Incubation of liver, gastrocnemius muscle and retroperitoneal adipose tissue explants in the presence/absence of Insulin (10−6 M)
In total, 100 mg explants were incubated with Dulbecco’s modified Eagle’s medium Gibco ((DMEM/F-12; 1:1 mix; Invitrogen, Carlsbad, CA, USA) plus 100 U/mL penicillin and 100 μg/mL streptomycin (Invitrogen, Carlsbad, CA, USA) in the presence/absence of insulin (10−6 M) (Sigma-Aldrich, St. Louis, MO, USA) at 37 °C in a 95% O2 and 5% CO2 incubator. After 15 min of incubation, all tissues were collected and stored at −80 °C for further analysis.
Protein quantification by Western Blot
In total, 100 mg of liver, gastrocnemius muscle and retroperitoneal adipose tissue was homogenized in 500 uL of RIPA buffer and centrifugated at 14,000 rpm for 20 min at 4 °C. The supernatant was collected, and the total protein content was measured by Bradford method (Sigma-Aldrich, St. Louis, MO, USA). For each assay, 10 µL of protein was loaded into each well of 10% acrylamide SDS gels (Bio-Rad, Hercules, CA, USA) and separated by electrophoresis. The proteins were then transferred to polyvinylidene difluoride (PVDF) membranes (Bio-Rad, Hercules, CA, USA). Transfer efficiency was determined by Ponceau red dyeing (Sigma-Aldrich, St. Louis, MO, USA). Membranes were then blocked either with tris-buffered saline (TBS) containing 5% (w/v) non-fat dried milk (for non-phosphorylated proteins) or with 5% BSA (for phosphorylated proteins) and incubated with the appropriate primary antibody for Akt (1:1000; # 04-796, Merk Millipore, Dramstad, Germany) or p-Akt (Ser 473) (1:500; #9271, Cell Signaling Technology, Danvers, MA, USA) at 4 °C overnight. Membranes were subsequently washed and incubated with the secondary antibody conjugated with peroxidase (1:2000; Pierce, Rockford, IL, USA). Peroxidase activity was visualized by chemiluminescence and quantified by densitometry using BioRad Molecular Imager ChemiDoc XRS System (Hercules, CA, USA). For each sample, relative protein expression levels were calculated in relation to protein expression levels in mice fed with Chow.

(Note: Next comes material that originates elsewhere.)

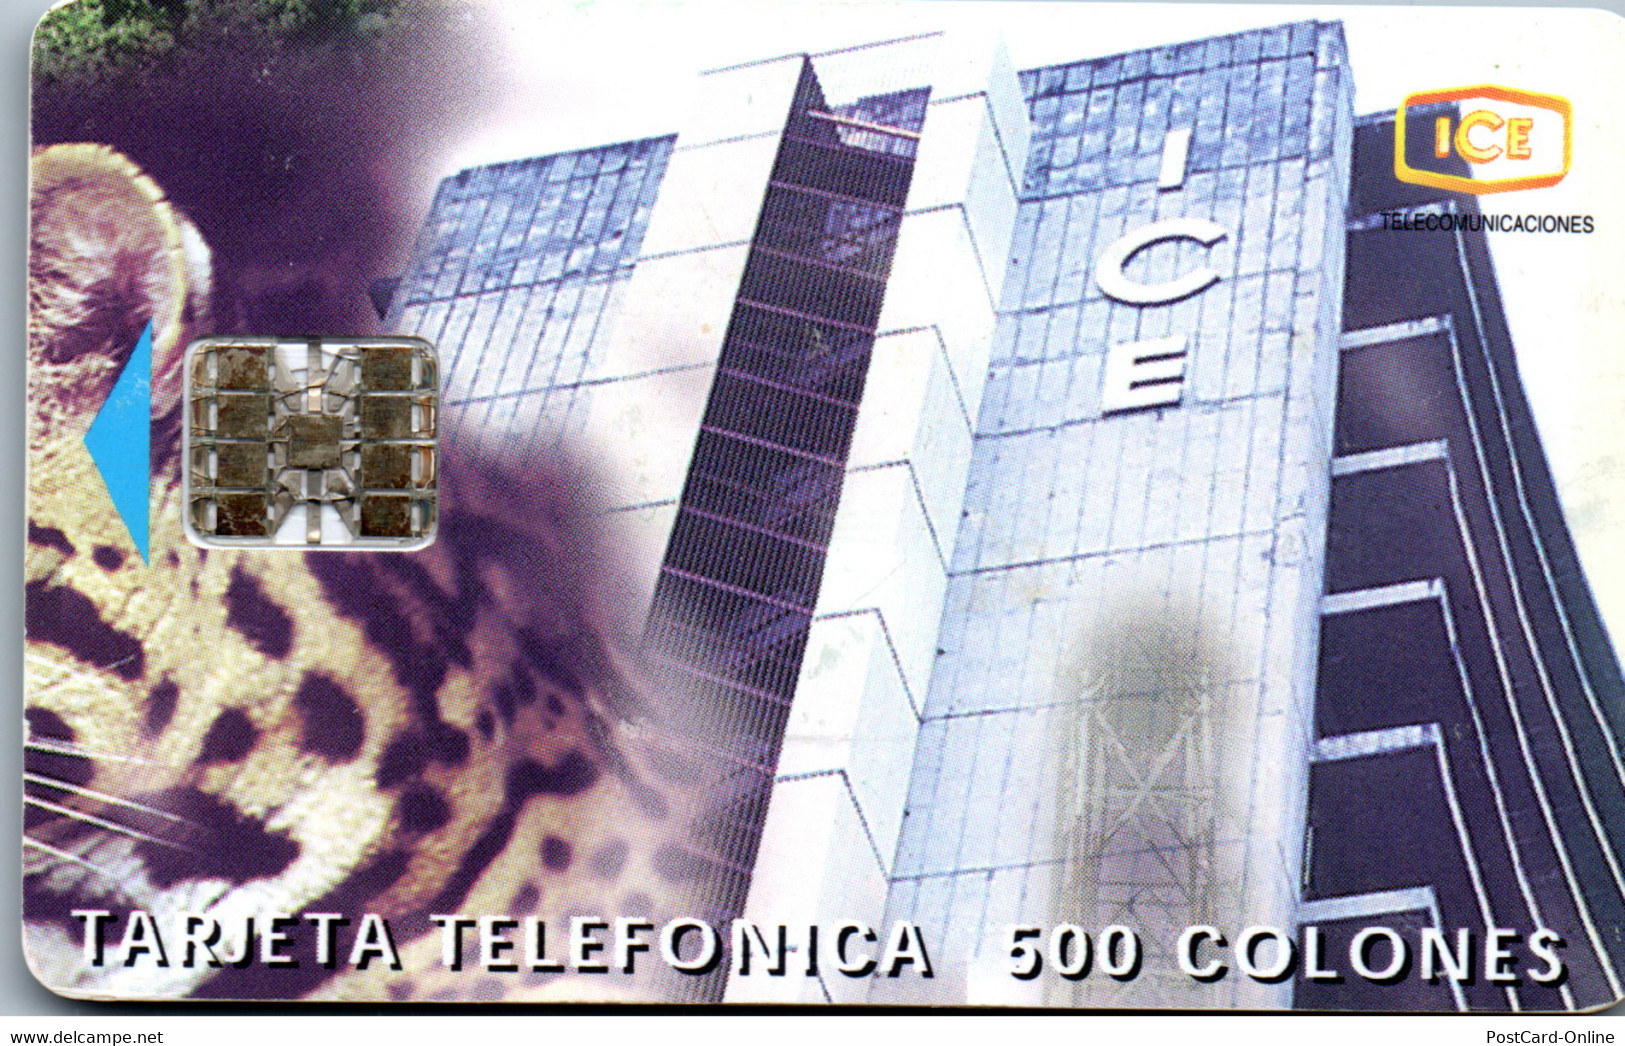 19141 - Costa Rica - ICE , Tarjeta Telefonica - Costa Rica

Gene expression analysis by qPCR
The total RNA was extracted from 100 mg of liver, gastrocnemius muscle and retroperitoneal adipose tissue using the Tri-Reagent protocol [79] and quantified with Nanodrop 2000 (Thermo Fisher Scientific, Hampton, NH, USA). cDNA was then synthesized from 1 µg of total RNA using a high-capacity cDNA reverse transcription kit (Applied Biosystems, Foster City, CA, USA).
Assay-on-demand kits (Applied Biosystems, Foster City, CA, USA) were used for quantitative real-time polymerase chain reaction (qPCR). TaqMan Universal PCR Master Mix (Applied Biosystems, Foster City, CA, USA) was used for amplification according to the manufacturer’s instructions in a Step One System (Applied Biosystems, Foster City, CA, USA).

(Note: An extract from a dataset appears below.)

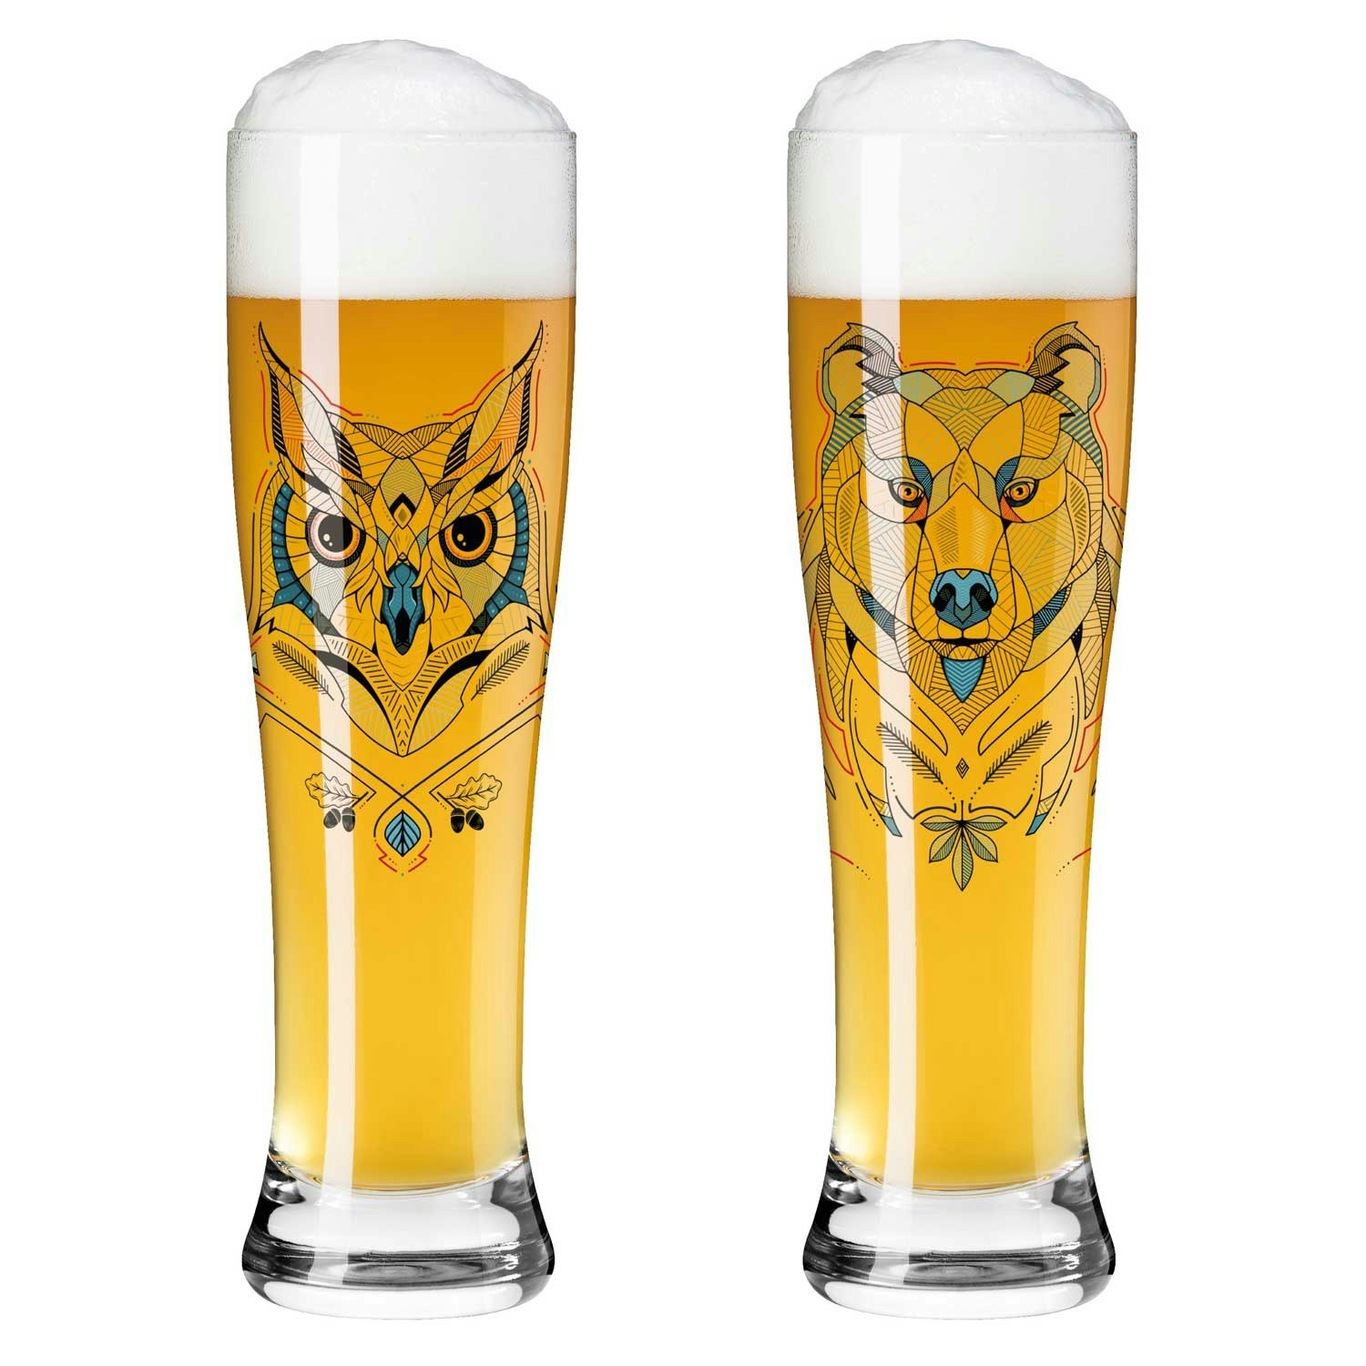 Brauchzeit Beer Glasses 2-pack, #1 & 2

In liver, gastrocnemius muscle and retroperitoneal adipose tissue, the gene expression of insulin receptor (Ins-r) (Mm01211875_m1), glycogen sinthase 1 (Gys1) (Mm01962575_s1), monocyte chemoattractant protein (Mcp-1) (Mm00441242_m1), interleukin-1 beta (IL-1β) (Mm00434228_m1), interleukin-6 (IL-6) (Mm00446190_m1), interleukin 10 (IL-10) (Mm01288386_m1), tumor necrosis factor-alpha (Tnf-α) (Mm00443258_m1), NADPH oxidase-1 (Nox-1) (Mm00549170_m1), NADPH oxidase-4 (Nox-4) (Mm00479246_m1), superoxide dismutase 1 (Sod-1) (Mm01344233_g1), Glutathione Peroxidase 3 (Gpx-3) (Mm00492427_m1), glutathione reductase (Gsr) (Mm00439154_m1), heme oxygenase 1 (Ho-1) (Mm00516005_m1), aryl-hydrocarbon receptor (Ahr) (Mm00478932_m1), aryl hydrocarbon receptor nuclear translocator (Arnt) (Mm00507836_m1) and Nuclear factor erythroid 2-related factor 2 (Nrf2) (Mm00477784_m1) were measured. In addition, the following genes were also analyzed in retroperitoneal adipose: fatty acid synthetase (Fasn) (Mm00662319_m1), lipoprotein lipase (Lpl) (Mm00434764_m1), hormone-sensitive lipase (Hsl) (Mm00495359_m1), peroxisome proliferator-activator receptor-γ (Ppar-γ) (Mm00440940_m1), beta-3 adrenergic receptor (β3-Adr) (Mm02601819_g1), leptin receptor (Ob-r) (Mm00440181_m1), peroxisome proliferator-activated receptor gamma coactivator 1-alpha (Pgc-1α) (Mm01208835_m1) and uncoupling protein 1 (Ucp-1) (Mm01244861_m1).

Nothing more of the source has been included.